RTS Labs (4.5/5) is the stronger overall choice for most Machine Learning Development projects. Small by choice, senior by design — every project is staffed with senior practitioners accountable for post-launch performance, not just the plan. It is best for high-growth US companies that have done ML experiments and now need a partner accountable for production outcomes.

DataRobot (3.8/5) is the better choice when enterprise data science teams that want a governed AutoML platform with professional services to accelerate internal ML velocity. If your situation matches those criteria, DataRobot is a competitive option.

Related comparisons

RTS Labs vs DataRobot FAQ

Is RTS Labs better than DataRobot?

RTS Labs (4.5/5) scores higher overall, but "better" depends on your use case. RTS Labs is better for high-growth US companies that have done ML experiments and now need a partner accountable for production outcomes. DataRobot is better for enterprise data science teams that want a governed AutoML platform with professional services to accelerate internal ML velocity.

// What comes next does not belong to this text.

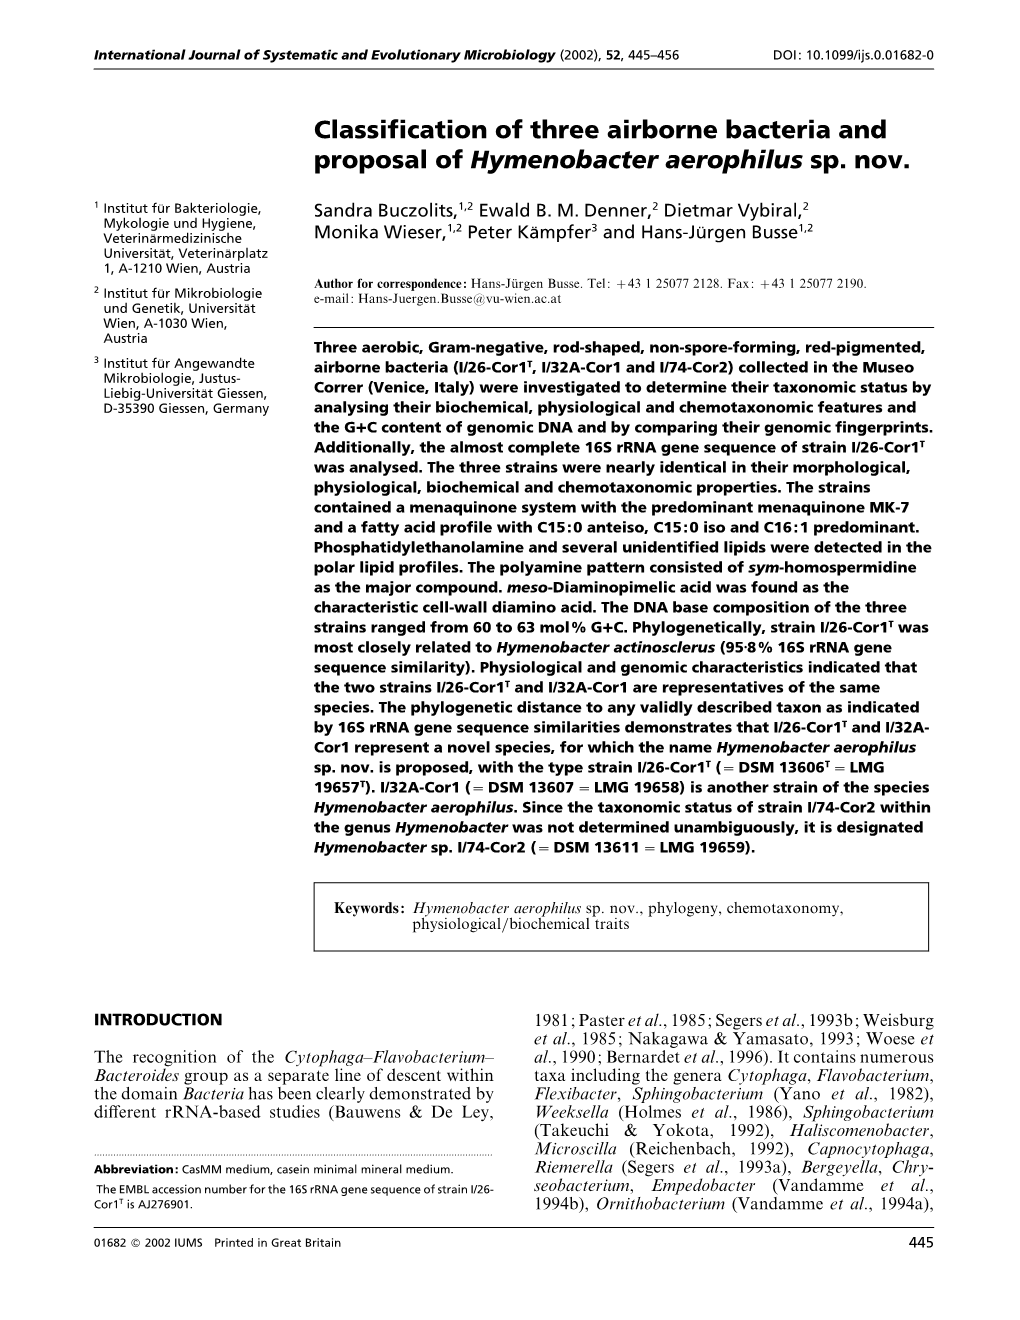 Classification of Three Airborne Bacteria and Proposal Of

How do RTS Labs and DataRobot differ in pricing?

RTS Labs uses fixed project, t&m pricing with a minimum engagement of $25K. DataRobot uses platform licence, professional services pricing with a minimum engagement of Not disclosed. Neither firm publishes a full rate card; a discovery call is required for project-specific quotes.

Which is better for enterprise: RTS Labs or DataRobot?

RTS Labs is the larger team and typically the better enterprise-scale choice. For very large programmes, verify team size and compliance coverage directly with each company before shortlisting.

What are the main differences between RTS Labs and DataRobot?

RTS Labs's primary differentiator is: small by choice, senior by design — every project is staffed with senior practitioners accountable for post-launch performance, not just the plan. DataRobot's primary differentiator is: platform-driven ml — datarobot's automl engine and mlops governance layer enable internal data science teams to build and manage models at scale without per-project custom development. They also differ in team size (50–200 vs 1,000+), minimum engagement ($25K vs Not disclosed), and primary industries served (Healthcare & Life Sciences, Financial Services vs Financial Services, Healthcare & Life Sciences).

Last reviewed: July 2026. Verify all details directly with each company before making a decision.